世界市場:約2350億ドル(2023年)
日本市場:約3400~3500億円市場(ドル換算すると24億ドルくらいか)

これが最近の市場規模の様です。世界からすると日本は1/100くらいしか市場が無いようです。ちなみに私が活動していた北海道は、ご想像通り国内では大きな市場ですが、その金額は400億円くらいと言われていました。実際はもっとありそうな気もしますが、それでも日本市場の10~15%くらいの範囲でしょうか。

私が入社した当初は「国内は豆腐業界と同じくらいの市場規模」と教わった記憶があります(真偽は定かではありませんが)。金額を見るだけでも、農薬メーカーにとって海外市場がいかに重要であるかがわかると思います。また、後で説明しますが、様々な理由から国内市場には成長の余地も殆どありません。企業姿勢として海外展開をどう考えているかも重要となります。

2.投資家として農薬ビジネスをどう見るか

クミアイ化学は今年の中盤頃から配当株投資の対象として話題になりました。

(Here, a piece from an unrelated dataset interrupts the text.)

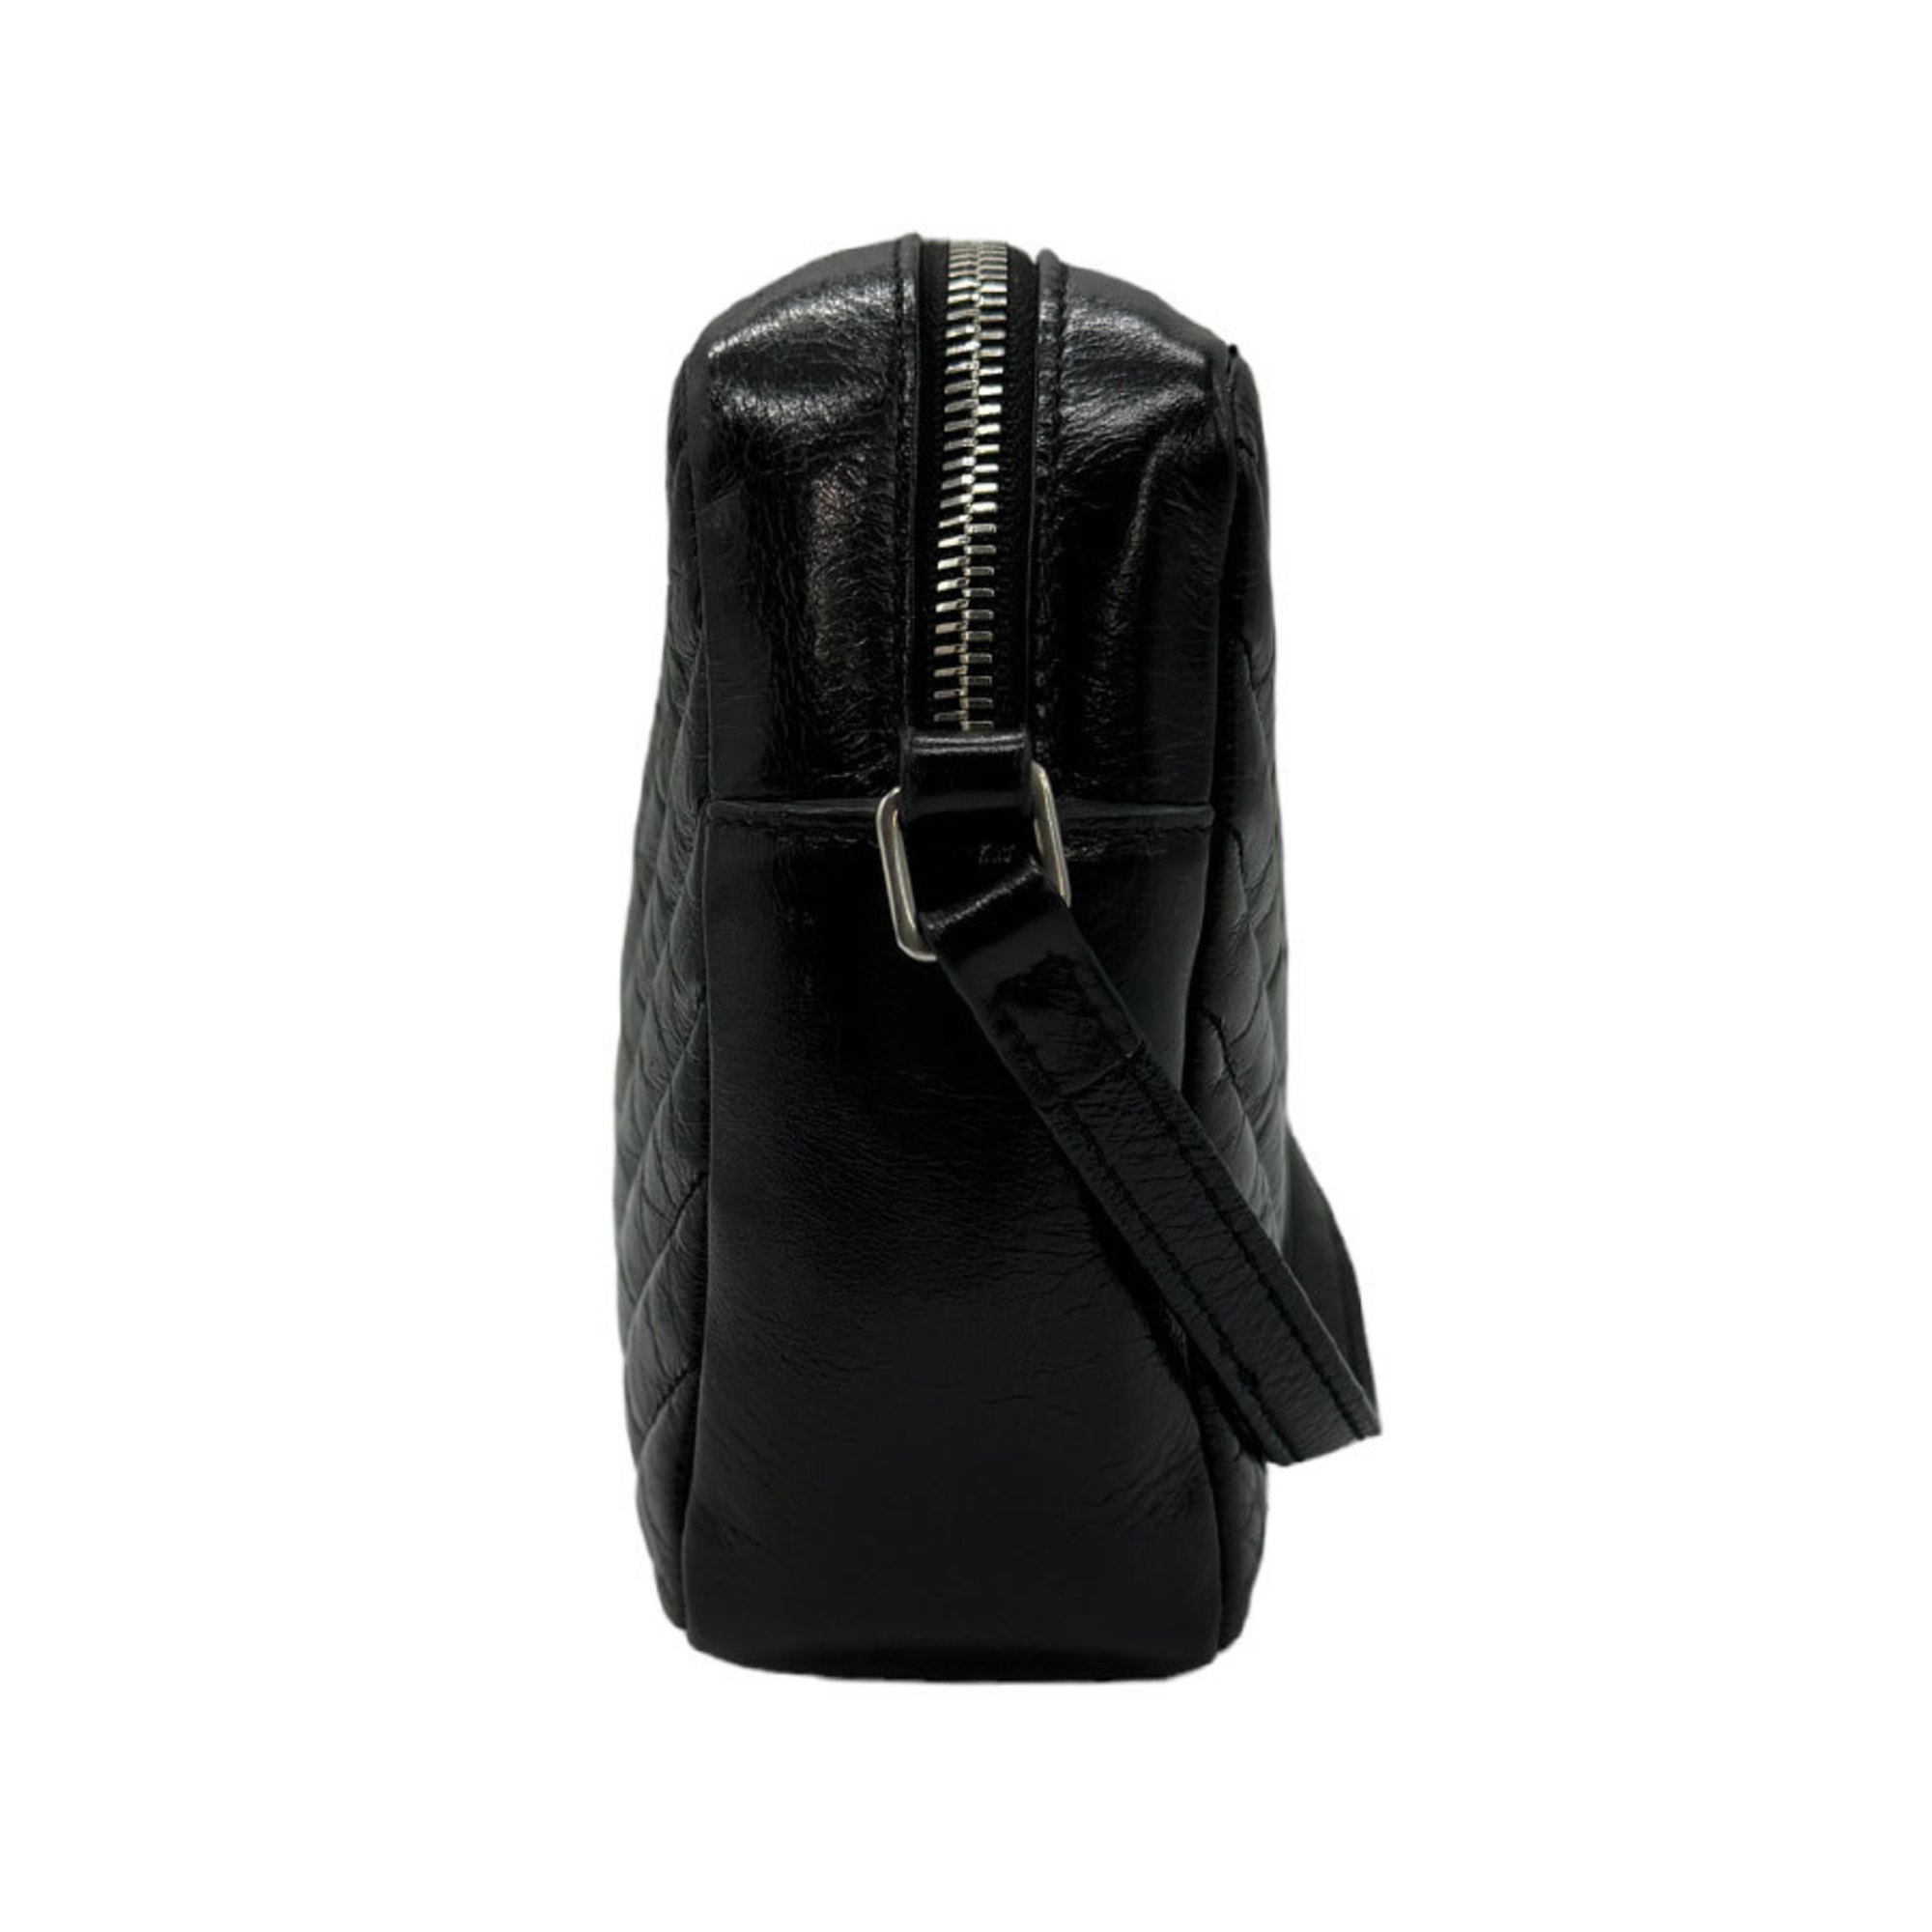 Saint Laurent shoulder bag, leather, black, women's, 468537 z0661

配当持続性が良い、農薬専業の化学メーカーということで「農業場面は手堅いのでは?」という意見がXでもよく見られました。しかし、業界に居た人間からすると、先に述べた様に「成長性が小さくジリ貧」というのが私の意見です。

何故なら、メーカー各社はこの小さな市場を奪い合っているわけですが、はっきり言ってどの企業も労力に見合った利益を出せていないからです。言ってしまえば、これは旧時代(デフレ時代)を代表するビジネスモデルです。市場が限られている、または縮小している分野に投資をしてもリターンは大きくなりません。投資家目線では、市場自体が拡大している分野の方が遥かに投資しやすいのです。

こういった点から、農薬ビジネスはここ10年以上向かい風の中にいる状況です。投資家目線では間違いなく難易度の高い分野です。

補足
市場が縮小している理由は、シンプルに耕作面積が減少していることが挙げられます。後継者不足の割に利権の問題もあって法人は農業に参加しにくいのも問題です。更に良し悪しはどうあれ、世界中で農薬の使用量は減らしていく方針に傾いています。

3.農薬業界の複雑な販路

農薬業界の販路は独特です。販路は大きく2つあります。

①全農(北海道はホクレン) ⇒ JA ⇒ 生産者 という系統ルート
②全農を通さずJAに卸したり、生産者に直売する商系ルート

全農やJAを通すか否かが大きな違いです。JA側からすると、②のルートで販売する業者、特に直売業者は敵対勢力となります。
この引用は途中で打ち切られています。